3. Diferenciación y mantenimiento organoides del cerebro cortical (Día 8)
   1. Preparar el medio de diferenciación terminal (DM) utilizando los reactivos enumerados en la Tabla 2. Lleve este medio a RT.
   2. Descongelar la matriz de membrana basal 100% calificada hESC en hielo.
   3. Prepare una lámina de parafilm con hoyuelos esterilizados con etanol al 70% en una placa de Petri de 10 cm y colóquela en un estereomicroscopio debajo de una capucha.
      NOTA: Se puede utilizar una bandeja vacía de puntas de pipeta de 200 μL para generar una cuadrícula de hoyuelos.
   4. Corte el extremo de una punta de pipeta de 100 μL (para que sea de gran diámetro). Esto se utilizará para incrustar esferoides neurales en la matriz del sótano sin romperlos.
   5. Usando un estereomicroscopio, seleccione esferoides neurales de tamaño similar (500 μm) de la placa de 6 pocillos y transfiéralos a los hoyuelos de parapelícula utilizando la punta de pipeta de 100 μL de diámetro ancho, colocando un solo esferoide neural por hoyuelo.
   6. Retire suavemente cualquier exceso de medios, dejando lo suficiente para cubrir los esferoides.
      NOTA: Esto es para mantener la calidad de los esferoides antes de agregar la matriz del sótano y para garantizar que no se sequen.
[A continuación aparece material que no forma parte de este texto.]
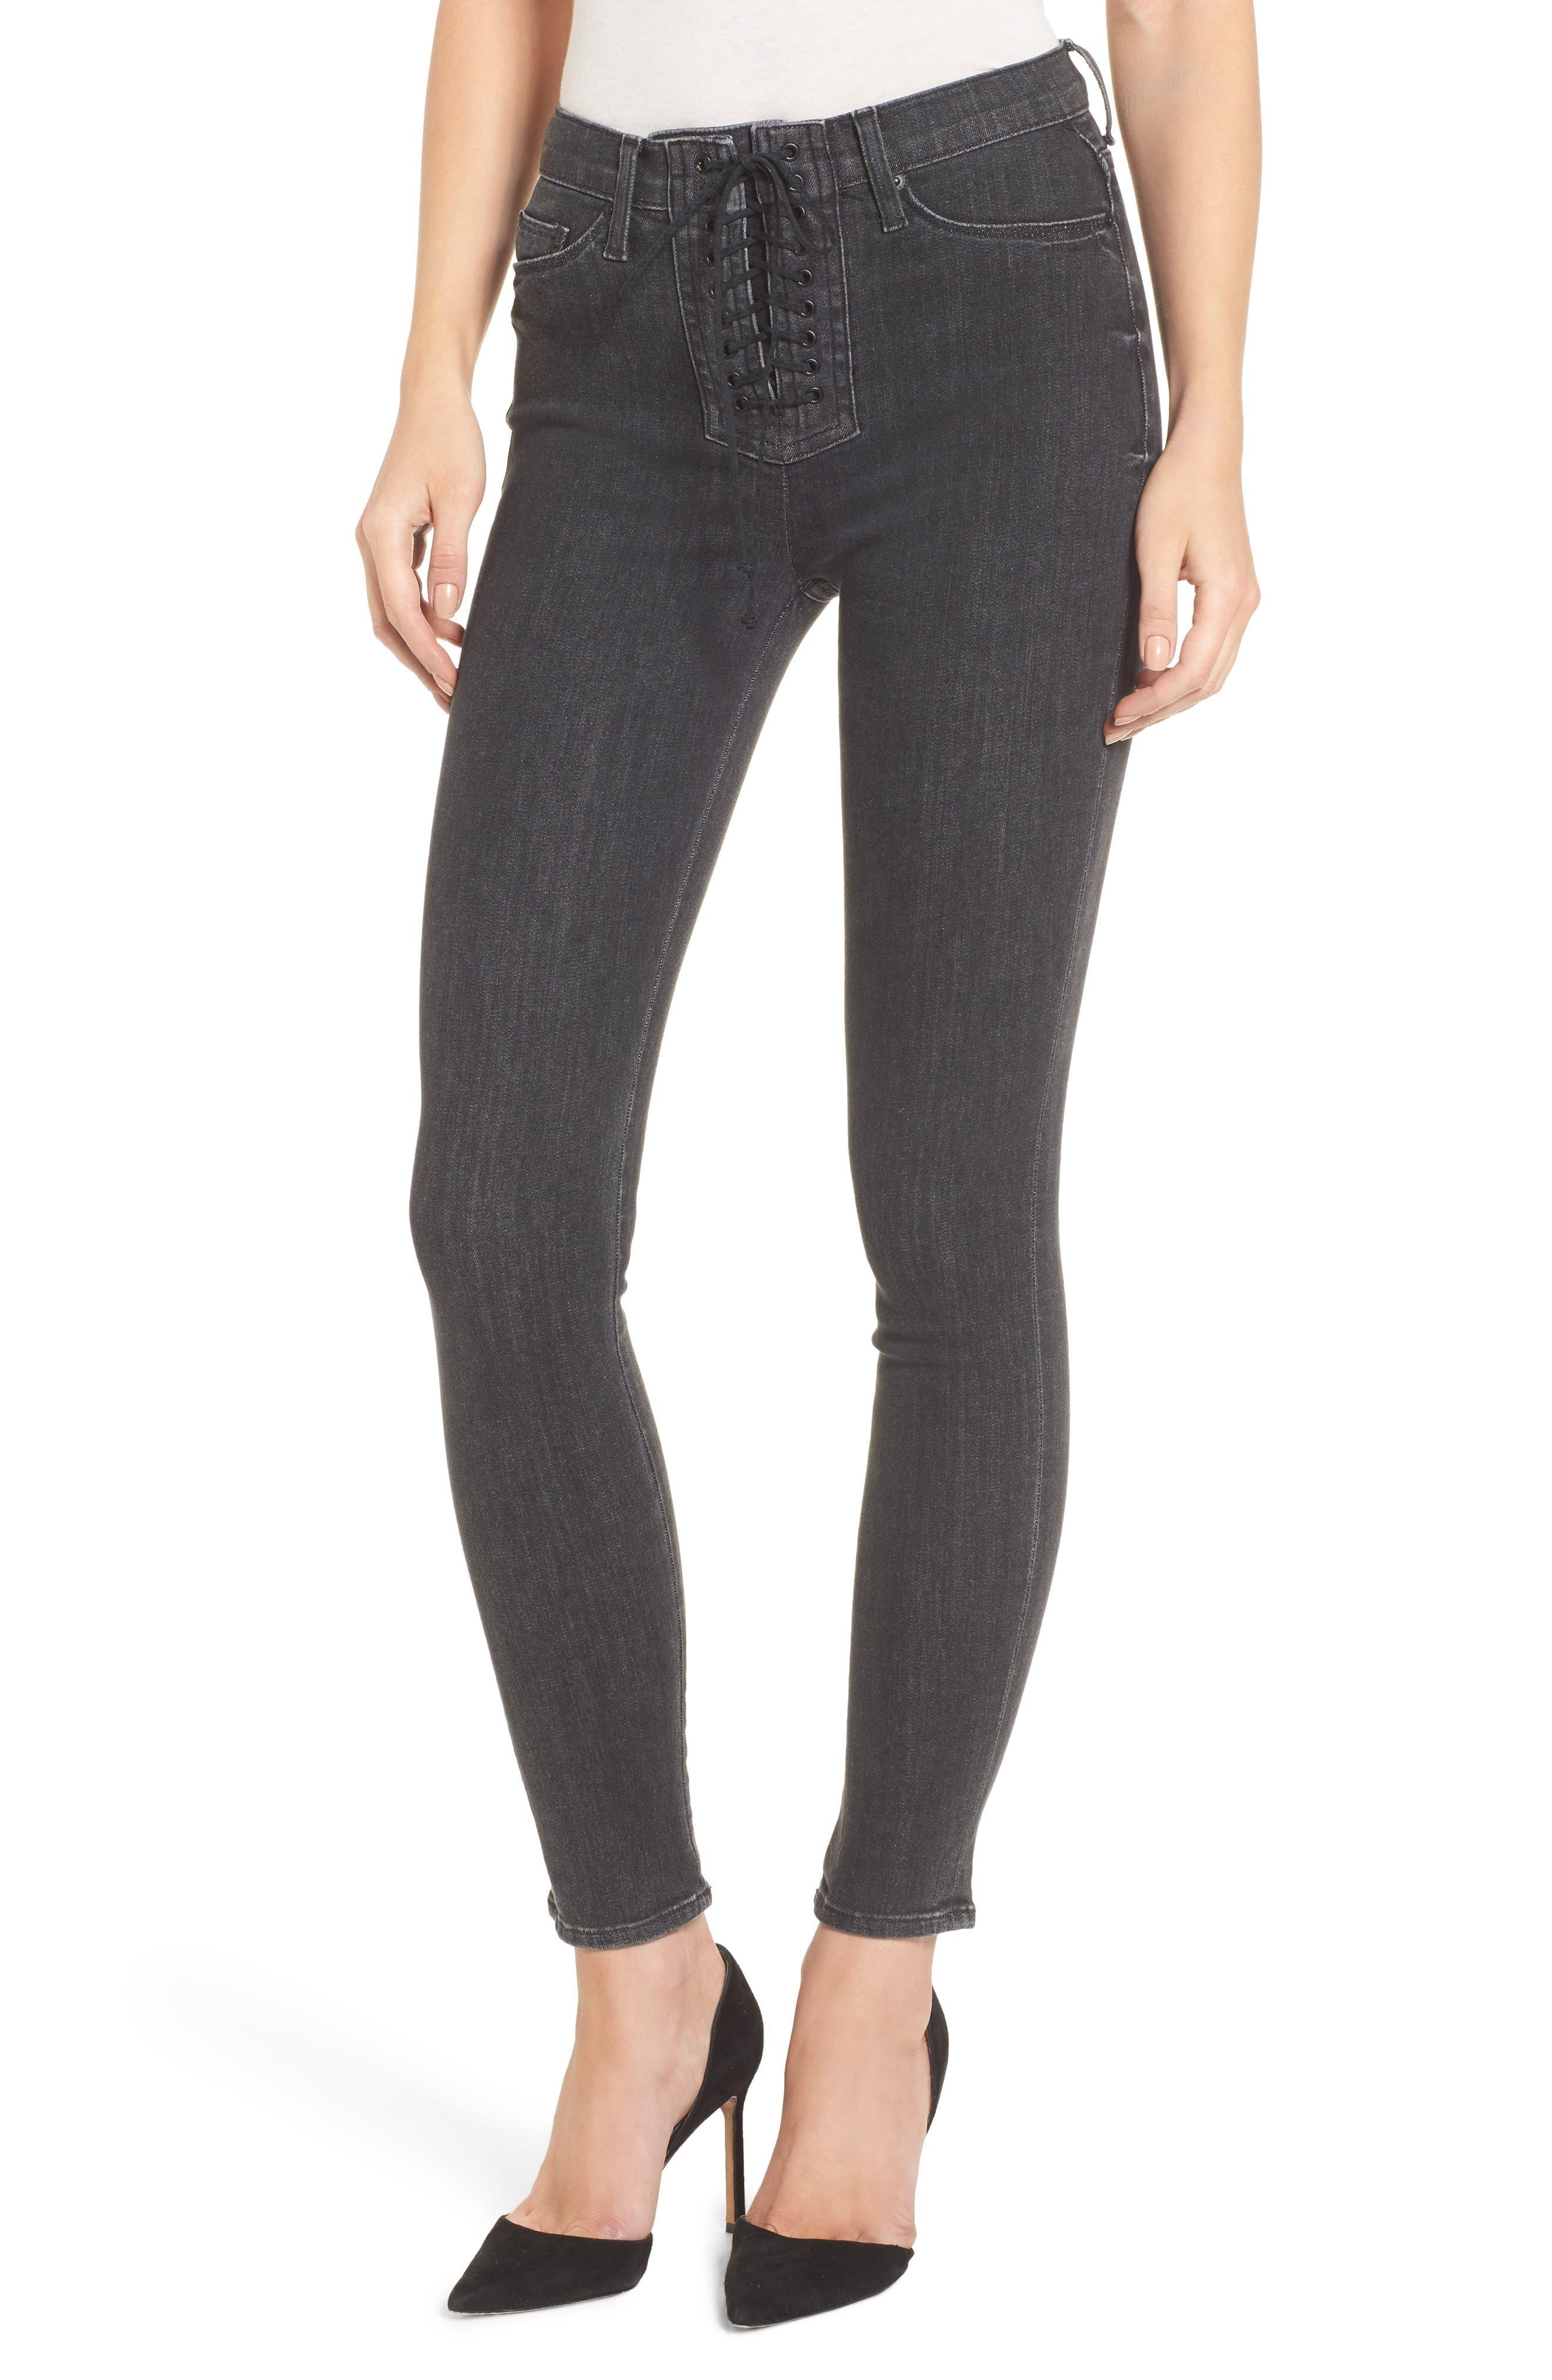 Main Image - Hudson Jeans Bullocks High Waist Lace-Up Skinny Jeans (Disarm)
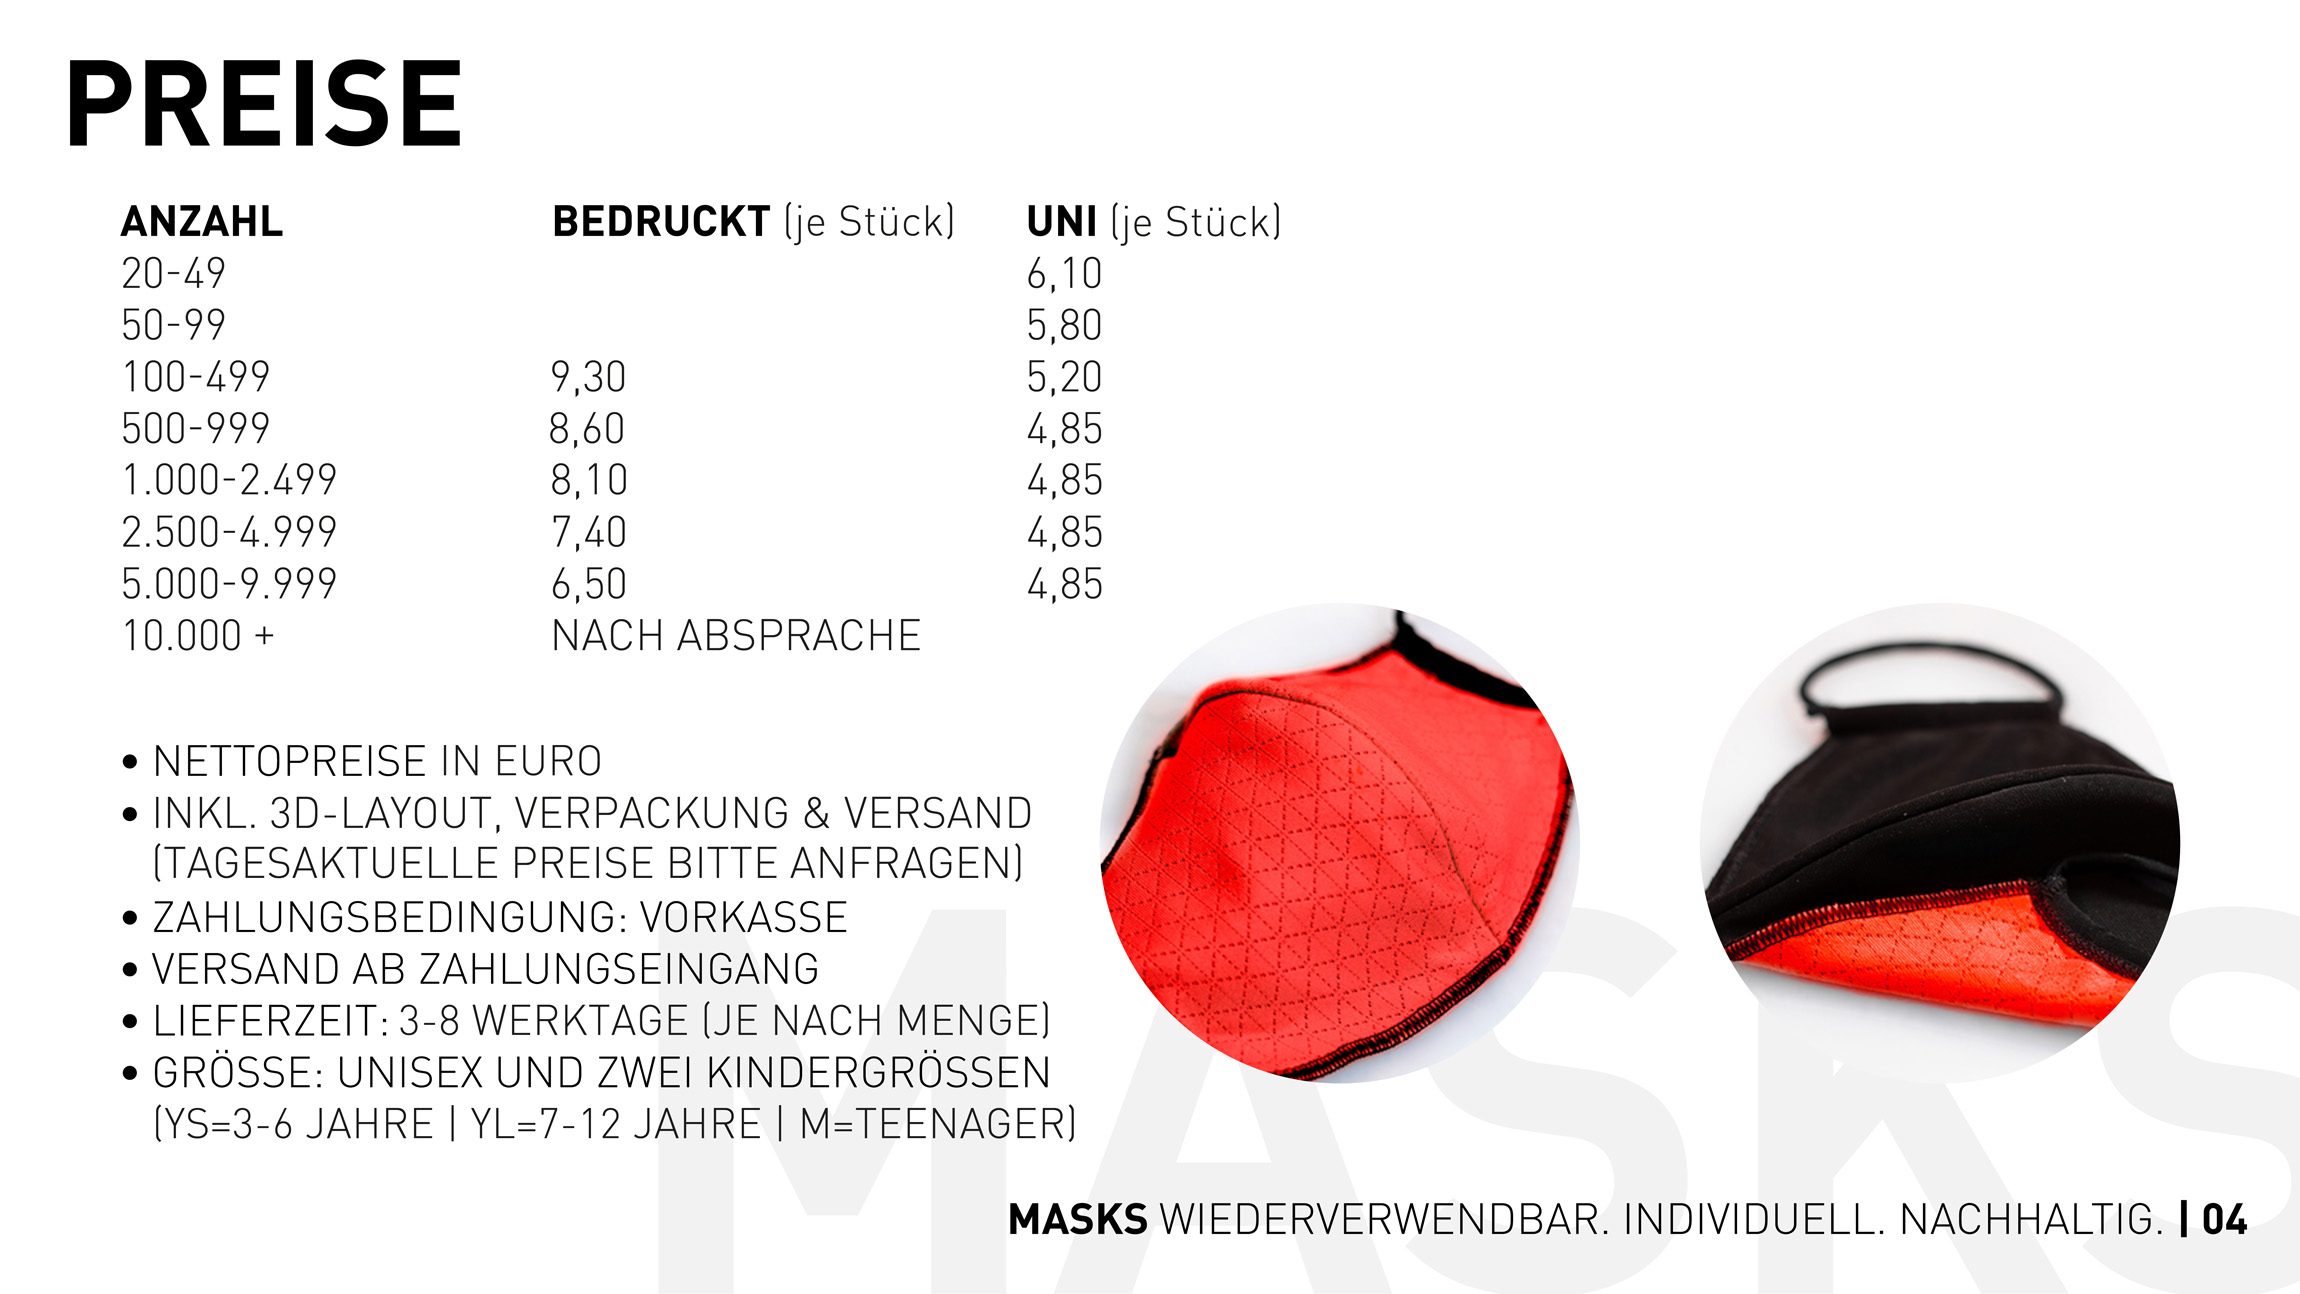 personalisierte-stoffmasken-preise-seite5-081220

   7. Agregue suavemente 18 μL de matriz basal sobre el esferoide, colocando el esferoide dentro del centro de la gota de la matriz. Use el extremo de una punta de pipeta de 10 μL para centrar los esferoides en la matriz.
      NOTA: Trate de agregar la matriz del sótano lo más rápido posible para evitar que el exceso de medios alrededor de los esferoides se seque.
   8. Cubra la placa de Petri de 10 cm y transfiérala a la incubadora e incube la placa de parafilm con esferoides incrustados en la matriz del sótano a 37 ° C durante 25 min.
   9. Después de la incubación, enjuague los esferoides incrustados en una placa de 24 pocillos de fijación baja con una punta P1000 con 0.5 ml de los medios DM, asegurándose de que los esferoides incrustados individuales se coloquen en un pozo cada uno.
      NOTA: Si más de un esferoide incrustado cae en un pozo, use una punta P1000 de diámetro ancho para transferir el otro esferoide a un nuevo pozo.
   10. Mantenga los organoides cerebrales corticales diferenciados en los medios de DM durante períodos prolongados de tiempo, con cambios en los medios que ocurren cada 2 días cuando los organoides se vuelven más grandes y más viejos.
       NOTA: Durante la primera semana de diferenciación, el medio se puede cambiar cada 3 días.

2. Caracterización del envejecimiento neuronal en organoides corticales

1. Organoides corticales de proceso para criosecciones:
   NOTA: Los pasos se realizaron en una campana de bioseguridad Clase 2.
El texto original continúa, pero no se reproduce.